AWK statement inside a git alias

2019-07-22 13:14发布

问题:

I'm trying to create a git alias to print all pull requests from the log, in a specific format. However I'm having issues with AWK to remove double spaces.

This is the output from git log using this command: git log --merges --grep="pull request" --pretty=format:"[%h] %s %b" [SHA]..HEAD

[5c420cb] Merge pull request #001 from repo_name/branch_name Pull request title

Piping with the following AWK command I was able to print it as I wanted: awk '{$2=$3=$4=$6=$7=""; gsub(/ +/," ",$0); $2=$2 ":"; print}'

[5c420cb] #001: Pull request title

However, glueing everything in the git alias

[alias]
    release = !"git log --merges --grep=\"pull request\" --pretty=format:\"[%h] %s %b\" $1..HEAD | awk '{$2=$3=$4=$6=$7=\\\"\\\";gsub(/ +/,\\\" \\\",$0);$2=$2 \\\":\\\";print}'"
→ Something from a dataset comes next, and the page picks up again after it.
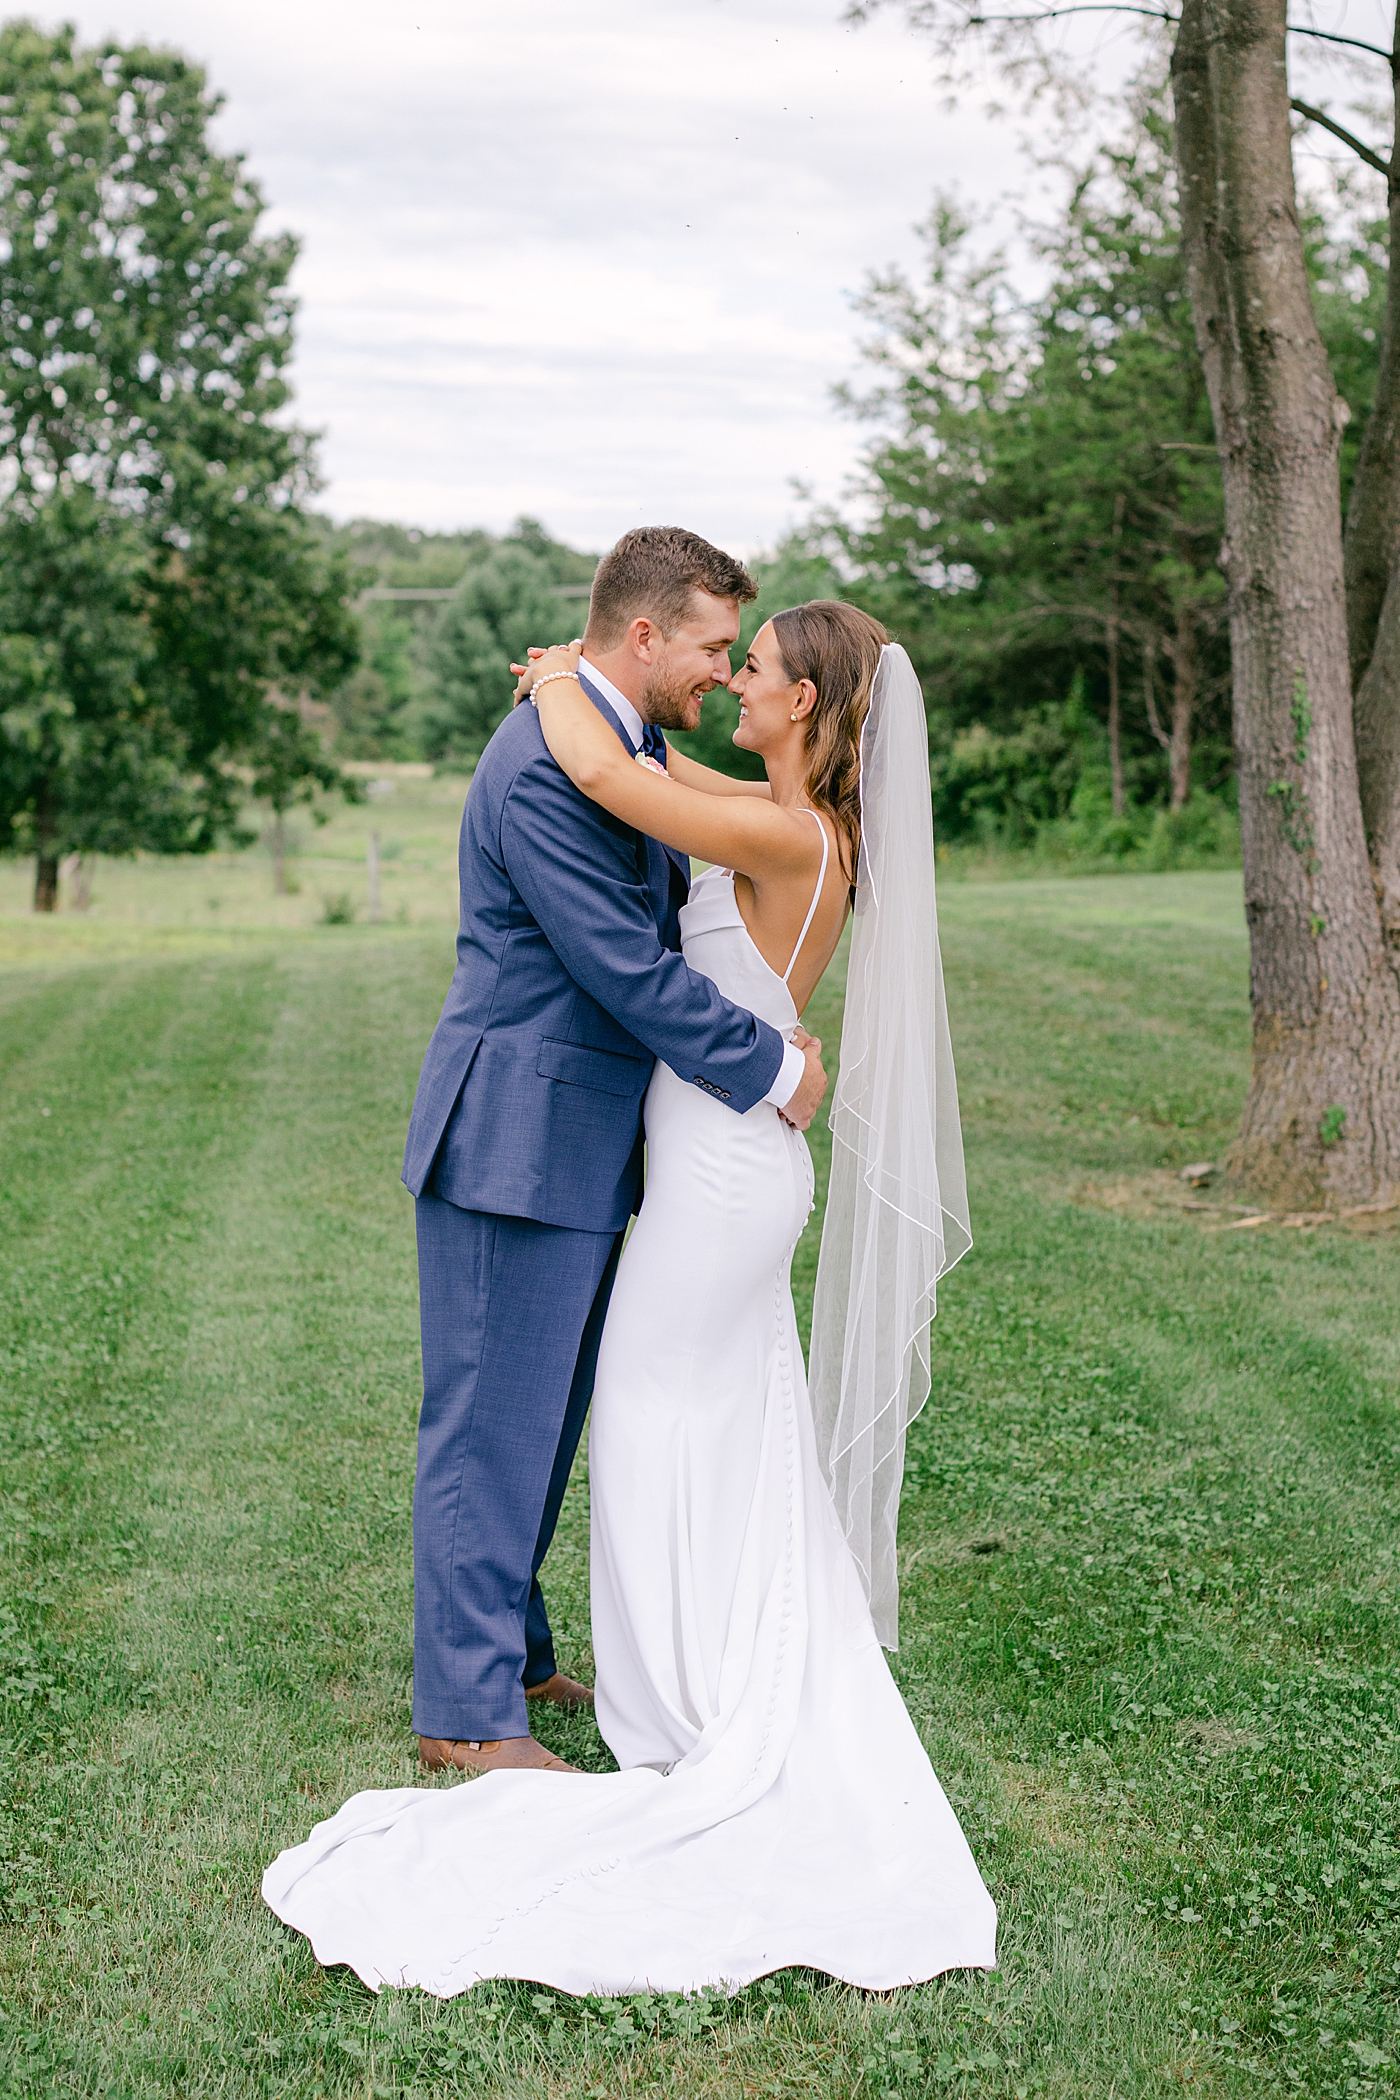 Bride and groom embracing during portraits | Image by Hope Helmuth Photography

AWK prints that the [SHA] is not a file:

$ git release SHA
awk: can't open file SHA
 source line number 1

What could be wrong? I'm open to use other tools like sed, cut or even a bash function inside the alias.

I'm under OS X Mavericks.

回答1:

When git calls your alias it sticks your arguments on the end of the command and runs it.

With your alias that turns in to (manually dequoted so ignore quoting errors):

git log --merges --grep="pull request" --pretty=format:"[%h] %s %b" $1..HEAD | awk '{$2=$3=$4=$6=$7=\\"\\";gsub(/ +/,\\" \\",$0);$2=$2 \\":\\";print}' SHA

At which point $1 expands to nothing, git sees ..HEAD (which is perfectly reasonable).

awk sees an argument of SHA which doesn't exist and triggers the error (and causes it to ignore stdin).

You need to wrap the pipeline in a "shell script".

release = "!bash -c 'git log --merges --grep=\"pull request\" --pretty=format:\"[%h] %s %b\" $1..HEAD | awk \"{\\$2=\\$3=\\$4=\\$6=\\$7=\\\"\\\";gsub(/ +/,\\\" \\\",\\$0);\\$2=\\$2 \\\":\\\";print}\"' -"

It might be possible to do that in a way that has less horrible quoting but that's the format that's worked for me so I've stuck with it.

The - argument there at the end is to fill the $0 argument to that shell so positional arguments work the way people expect them to.